Centre des congrès de Haute-Saintonge, Jonzac (France)

 

Mystérieux vaisseau anthracite, le nouveau centre des congrès de Jonzac cache sous une peau de zinc une symphonie de matériaux.

 

 

Nom du projet :
Centre des Congrès de Haute Saintonge,

Lieu :
Jonzac (France)

Architectes :
TETRARC Architectes
Michel Bertreux, Daniel Caud
et Rémi Tymen

Technique :
Joint debout VMZINC®

Aspect de surface :
ANTHRA-ZINC®

 

La commune de Jonzac gravite dans l’orbite de plusieurs villes, La Rochelle, Angoulême ou Bordeaux. Cette situation géographique a valu à Jonzac d’accéder au rang de sous-préfecture, un échelon administratif peu courant pour une ville de 3 500 habitants. Un statut qui explique sans doute le dynamisme de la commune, qui s’est dotée en 2010 d’un parc aquatique important, dont le nom transporte vers la mer des Caraïbes : les « Antilles de Jonzac ». Un équipement complété en 2017 par un centre des congrès rayonnant sur toute la Haute Saintonge, le « pays » auquel appartient Jonzac.

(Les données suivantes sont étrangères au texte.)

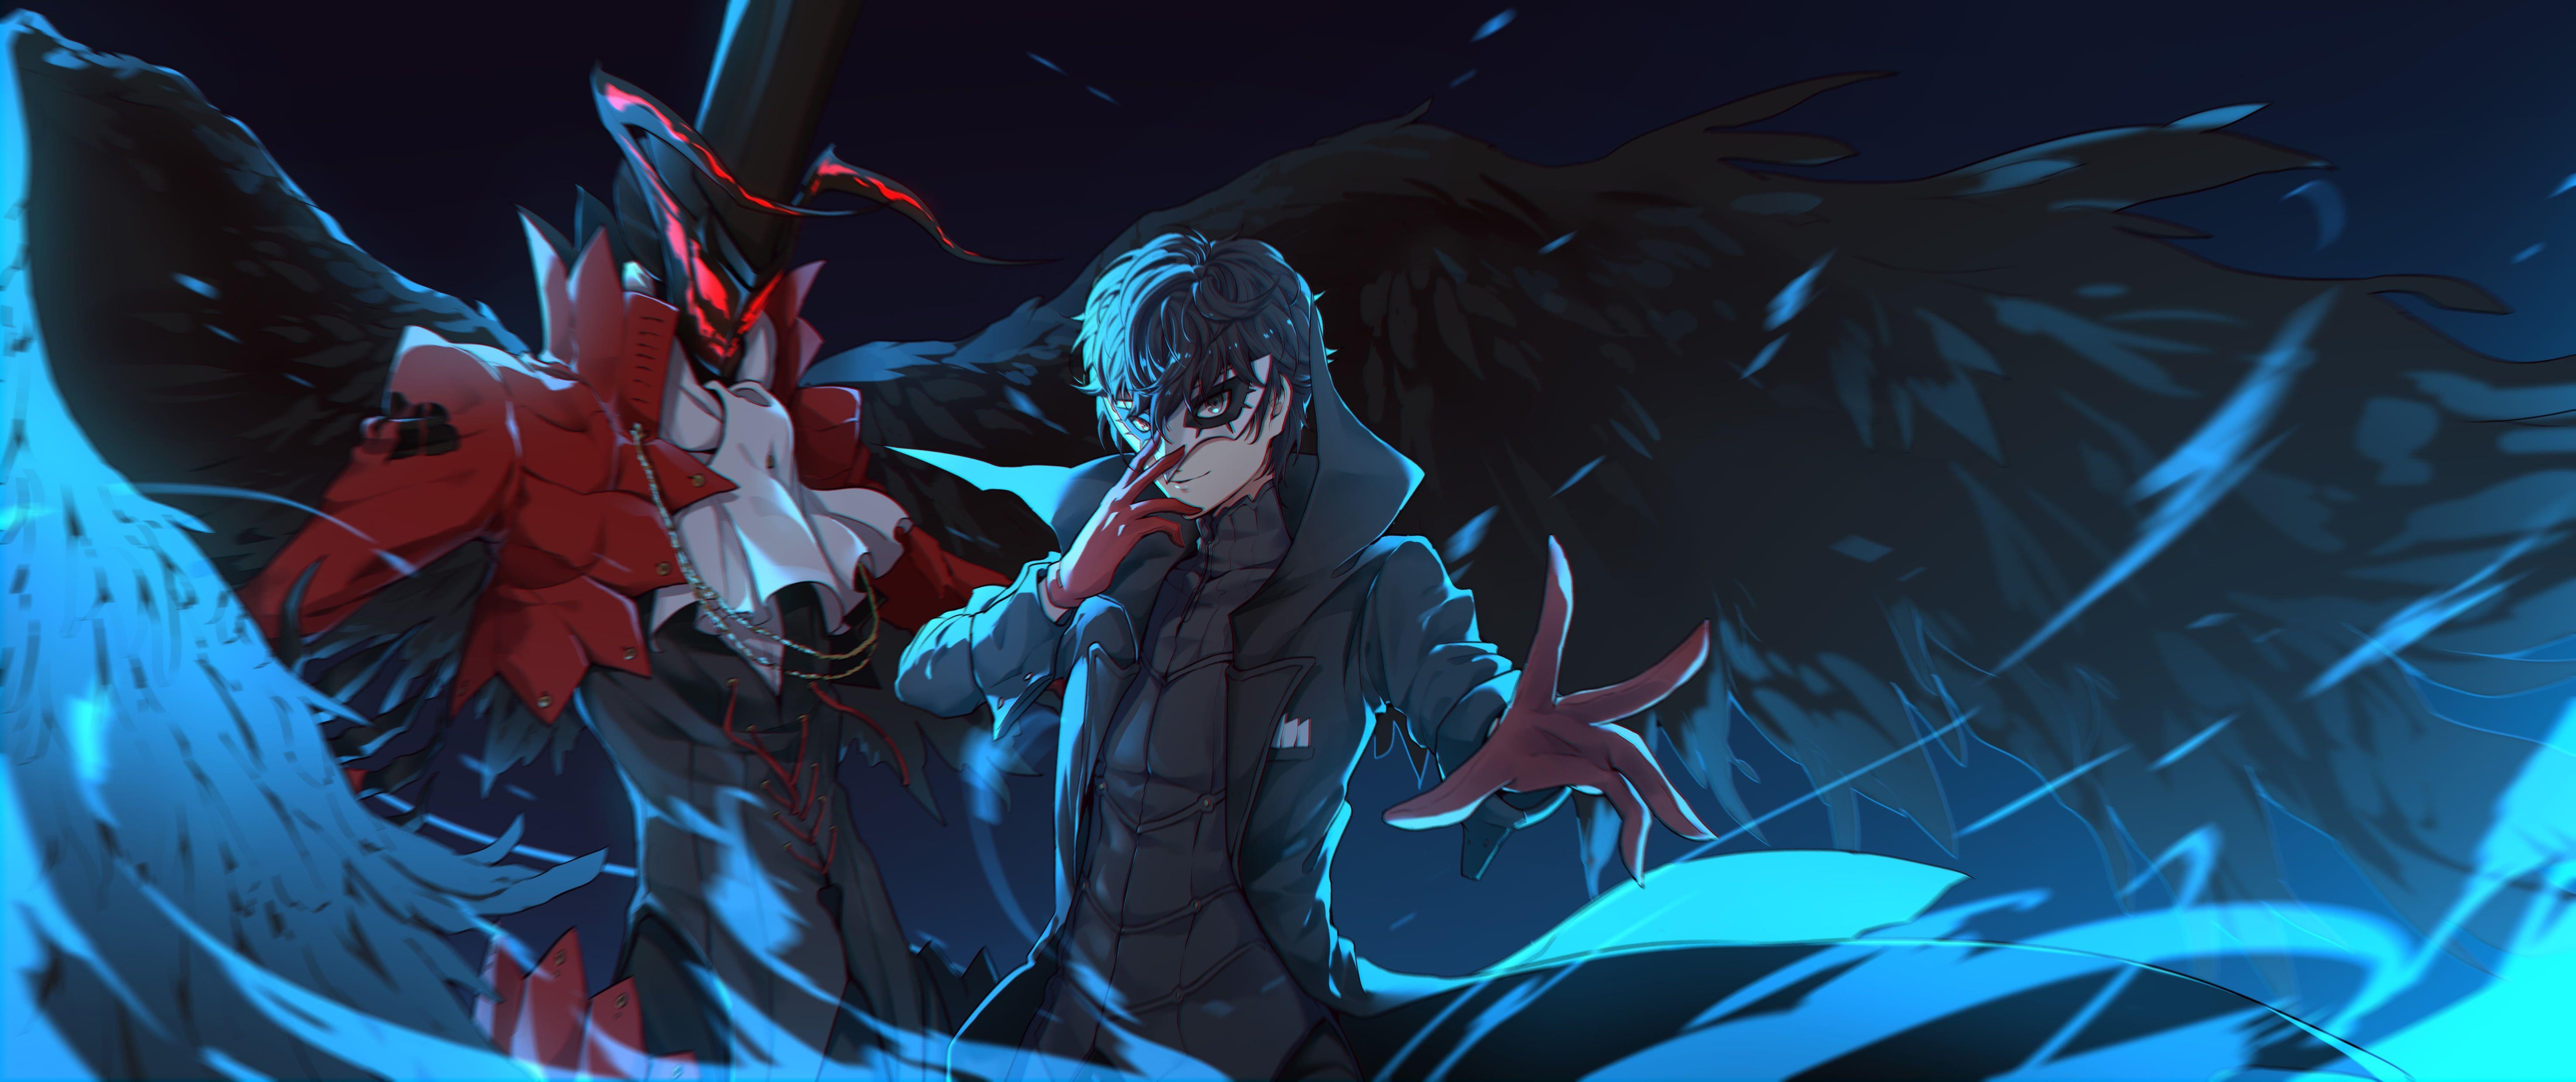 Anime Persona 5 The Animation Akira Kurusu 5k Wallpaper Hdwallpaper Desktop In 2020 Persona 5 Anime Persona 5 Persona

Le centre des congrès doit prolonger la dynamique des « Antilles » charentaises. Tetrac, une agence d’architecture nantaise, a répondu à cette demande en jouant sur le contraste. Les « Antilles » sont reconnaissables aux rondeurs de leur couverture de toile blanche. À 300 mètres de là, le centre des congrès est un rhomboïde en ANTHRA-ZINC®. Monolithique et insolite, le bâtiment n’est pas sans rappeler un autre projet de Tetrac, La Paloma, près de Nîmes, autre vaisseau recouvert de zinc PIGMENTO® rouge. 

Pour ces programmes voisins en taille et en implantation, l’agence développe une typologie qu’elle décline en fonction du lieu. Le centre des congrès de Jonzac est un monde en soi, bâtiment - au sens maritime du terme - où l’on s’embarque plus qu’on ne le visite. Une large baie vitrée, semblable à celle que l’on trouve dans les centres de commande des vaisseaux de science-fiction, dévoile le panorama. Les circulations sont autant de parcours dans des passerelles intérieures, menant à des pièces dont le futurisme consiste à réutiliser des matériaux anciens là où on ne les attend pas, comme le rotin posé en revêtement du grand auditorium, qui associé au plâtre, vient cette fois conférer aux parois de l’auditorium d’intéressantes propriétés de réflexion acoustique.

En dépit des apparences de vaisseau, le centre est bel et bien ancré dans le sol et sur son territoire. La peau de zinc anthracite lance des facettes triangulées qui adaptent le volume aux pentes du site tout en lui donnant son identité.